St. Louis, Michigan; United States;
- Frequency: 1520 kHz
- Branding: Real Country, The Big M

Programming
- Format: Country
- Affiliations: Real Country (Westwood One); Michigan Farm Radio Network; Motor Racing Network;

Ownership
- Owner: Krol Communications Inc.
- Sister stations: WJSZ

History
- First air date: 1977
- Last air date: December 31, 2024
- Call sign meaning: Middle of Lower Michigan

Technical information
- Licensing authority: FCC
- Facility ID: 60293
- Class: B
- Power: 1,000 watts unlimited
- Translator(s): 105.9 W290DR (St. Louis)

Links
- Public license information: Public file; LMS;
- Website: web.shiawasseechamber.org/Radio/Krol-Communications-Inc-Z925-The-Castle-386

= WMLM =

WMLM (1520 AM) was a radio station located in St. Louis, Michigan, broadcasting Westwood One's satellite-delivered Real Country format, a hybrid of classic and current country hits. WMLM mainly had broadcast to the north along the US-127 corridor, and was one of four radio stations to broadcast from Gratiot County.

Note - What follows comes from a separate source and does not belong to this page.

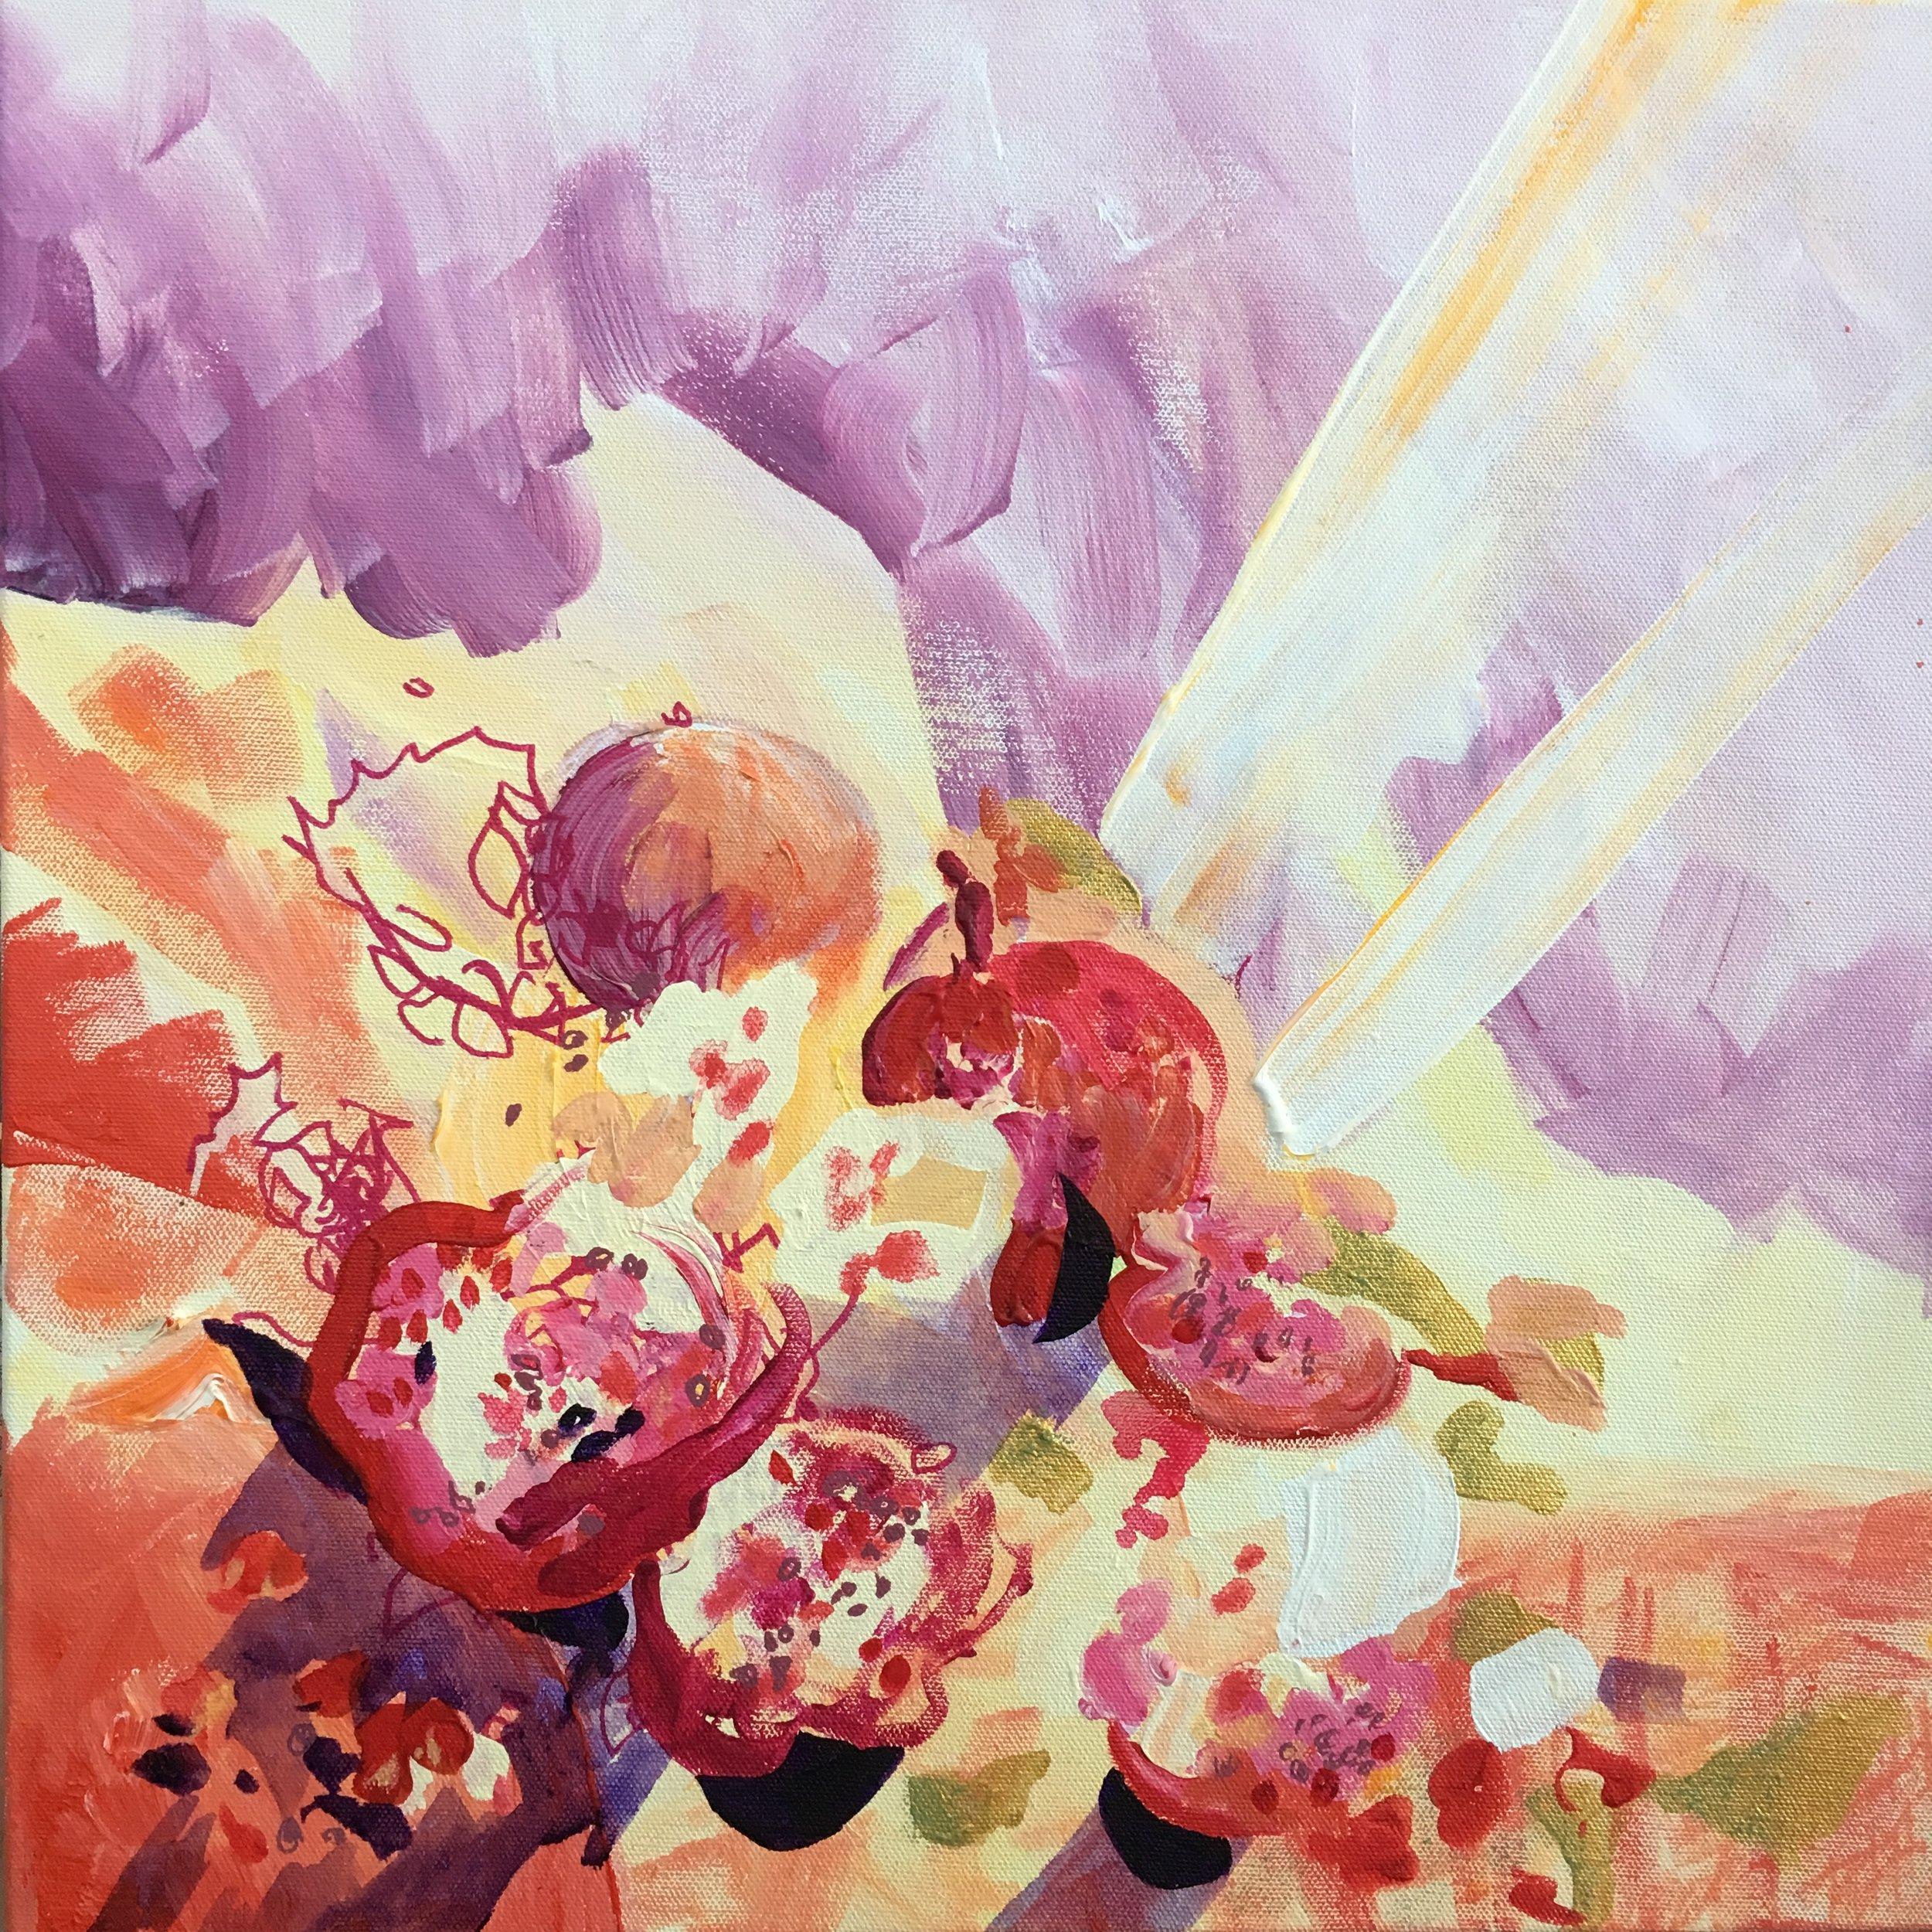 Rose Wintergreen Heart Bursts Like Pomegranate_acrylic on 18 x18%22 canvas, Rose Wintergreen 2019.jpg
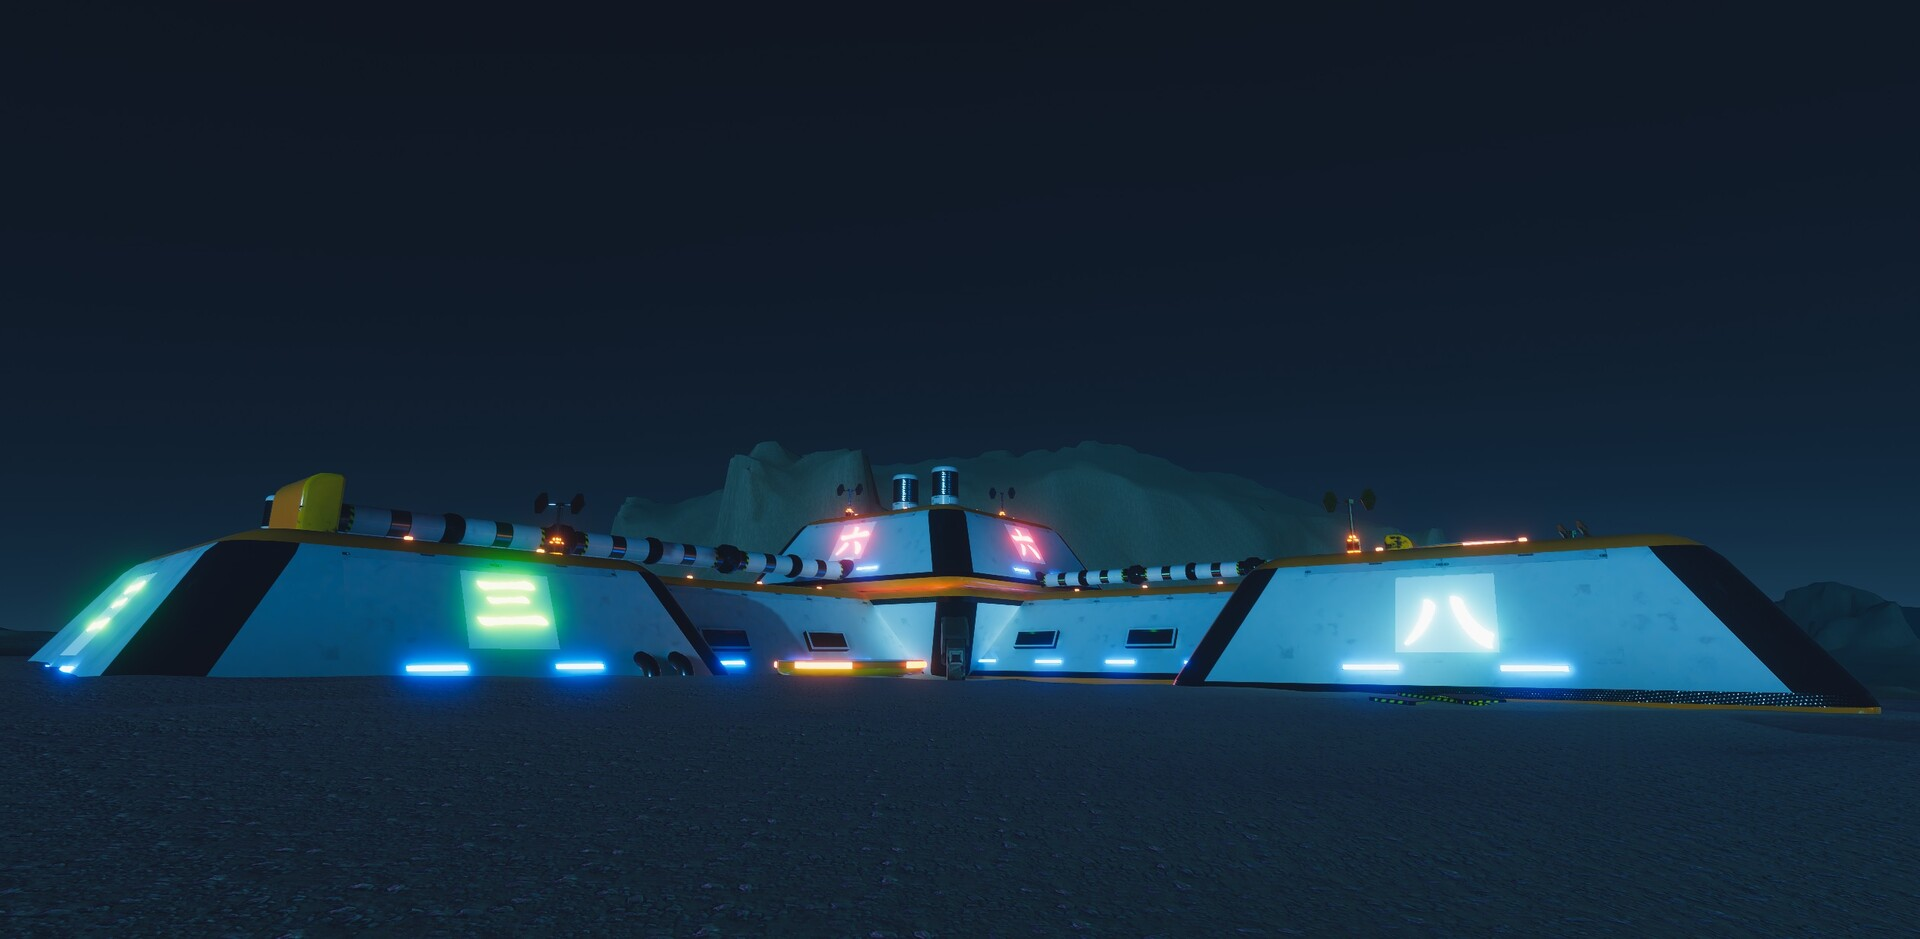 Enrico ottonello screenshot02 sci fi building exterior pack gameartifact

AM 1520 is a United States clear-channel frequency; WWKB in Buffalo, New York, and KOKC in Oklahoma City, Oklahoma, share Class A status on this frequency.

==History==
WMLM began broadcasting in 1977 as a daytime-only station and added nighttime operations in 1982. The station originally broadcast from downtown St. Louis on 1540 kHz, moving south of the city in 1983 to a location on State Road. The station switched to 1520 AM and added six 200 ft transmission towers. In addition to its country-music format, WMLM provided farm and agricultural news updates as an affiliate of the Michigan Farm Radio Network, with which the station was affiliated early on.

Original owner Greg Siefker sold WMLM to Krol Communications, owners of WJSZ in Ashley, Michigan, in May 2008 after the Federal Communications Commission (FCC) gave approval in March. Speaking to the Mount Pleasant Morning Sun, Siefker cited exhaustion and recent health issues as a reason for selling his station, although he was to stay on as a consultant. WMLM had no change in its format following the sale.

Krol Communications closed WMLM on December 31, 2024. The FCC cancelled the station’s license on January 27, 2025.

==Programming==
WMLM's featured the only "live and local" morning show in Gratiot County, "One Track Mind", providing Mid-Michigan with local news, sports, weather, and obituaries. The host was Timothy Mitchell. Former hosts included Dan Manley, Justin Orminski, Tyler Scott, Tallon Weatherby, Isaac McCormack, and Josh Lattime.

The station broadcast high school sports for local high school Breckinridge, St Louis, and Ithaca. WMLM was also the local affiliate for the NASCAR Cup Series.